🤖 AI Summary
To address geometric drift, color distortion, and shadow artifacts induced by illumination inconsistency in UAV-based multi-view 3D reconstruction, this paper introduces the first illumination-robustness benchmark dataset for UAVs. It acquires high-fidelity image sequences and precise camera calibration parameters under natural illumination variations across multiple time slots, via repeatable georeferenced fixed-path flights—explicitly decoupling illumination changes from geometric and viewpoint variations. Methodologically, it integrates multi-view stereo (MVS), structure-from-motion (SfM), and neural rendering, and proposes a standardized cross-illumination reconstruction evaluation protocol.

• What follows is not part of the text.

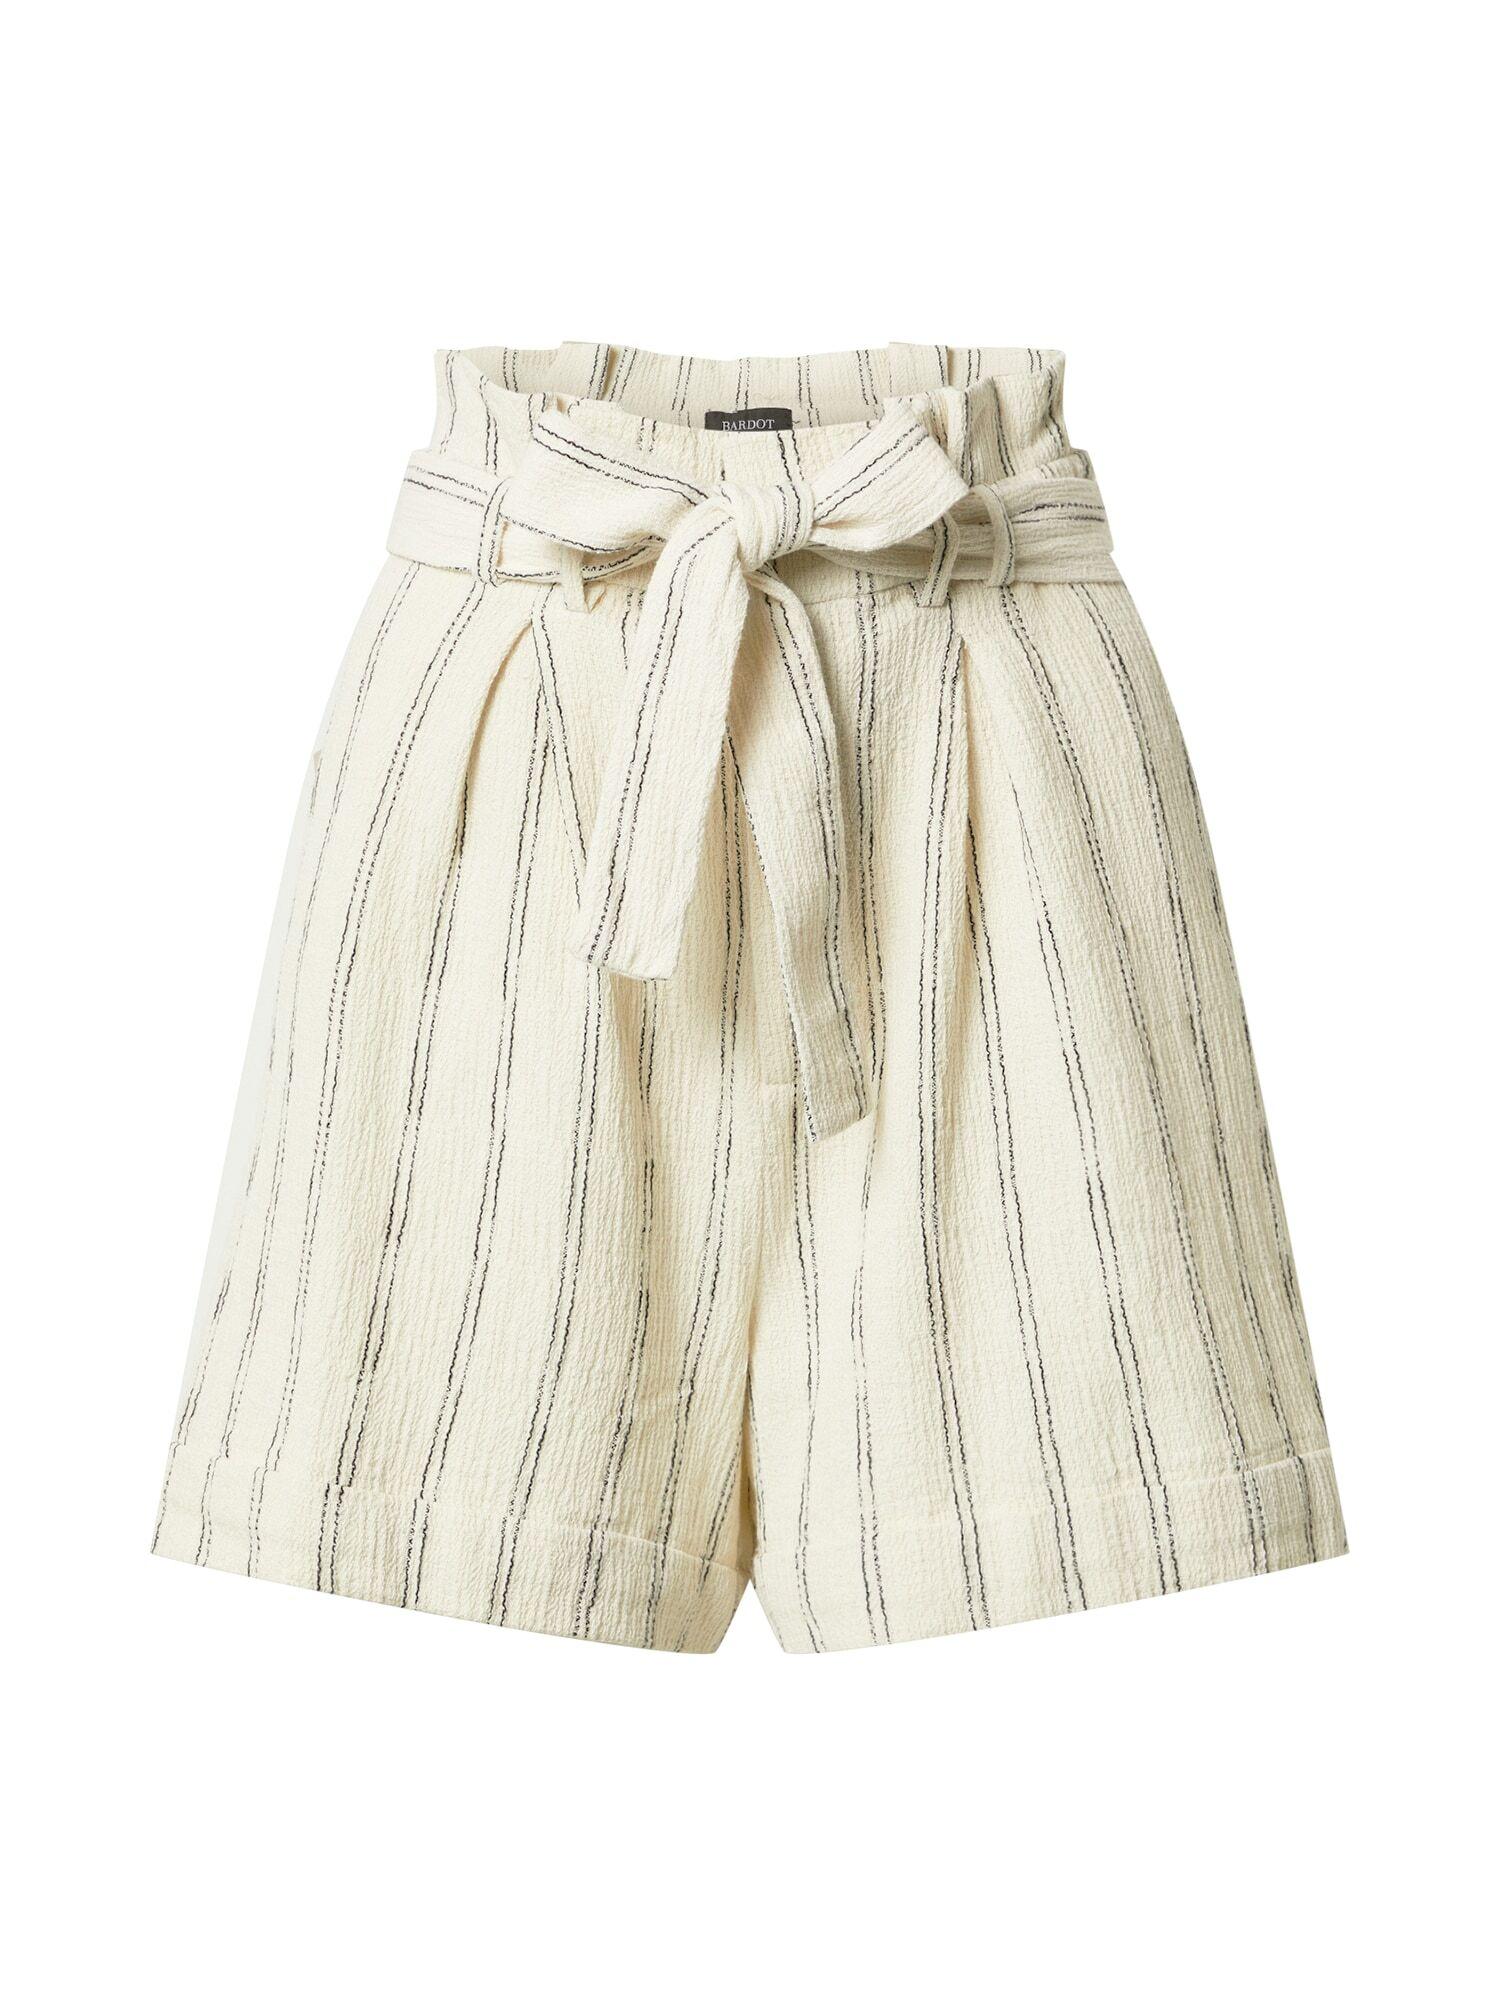 Bardot Pantalon à pince  - Blanc - Taille: L - female

This benchmark enables quantitative, real-world outdoor assessment of algorithmic robustness to illumination variation. It establishes a reliable foundation for evaluating illumination-consistent reconstruction and relightable 3D modeling, thereby advancing the practical deployment of 3D reconstruction in open, uncontrolled environments.
📝 Abstract
Illumination inconsistency is a fundamental challenge in multi-view 3D reconstruction. Variations in sunlight direction, cloud cover, and shadows break the constant-lighting assumption underlying both classical multi-view stereo (MVS) and structure from motion (SfM) pipelines and recent neural rendering methods, leading to geometry drift, color inconsistency, and shadow imprinting. This issue is especially critical in UAV-based reconstruction, where long flight durations and outdoor environments make lighting changes unavoidable. However, existing datasets either restrict capture to short time windows, thus lacking meaningful illumination diversity, or span months and seasons, where geometric and semantic changes confound the isolated study of lighting robustness. We introduce UAVLight, a controlled-yet-real benchmark for illumination-robust 3D reconstruction. Each scene is captured along repeatable, geo-referenced flight paths at multiple fixed times of day, producing natural lighting variation under consistent geometry, calibration, and viewpoints. With standardized evaluation protocols across lighting conditions, UAVLight provides a reliable foundation for developing and benchmarking reconstruction methods that are consistent, faithful, and relightable in real outdoor environments.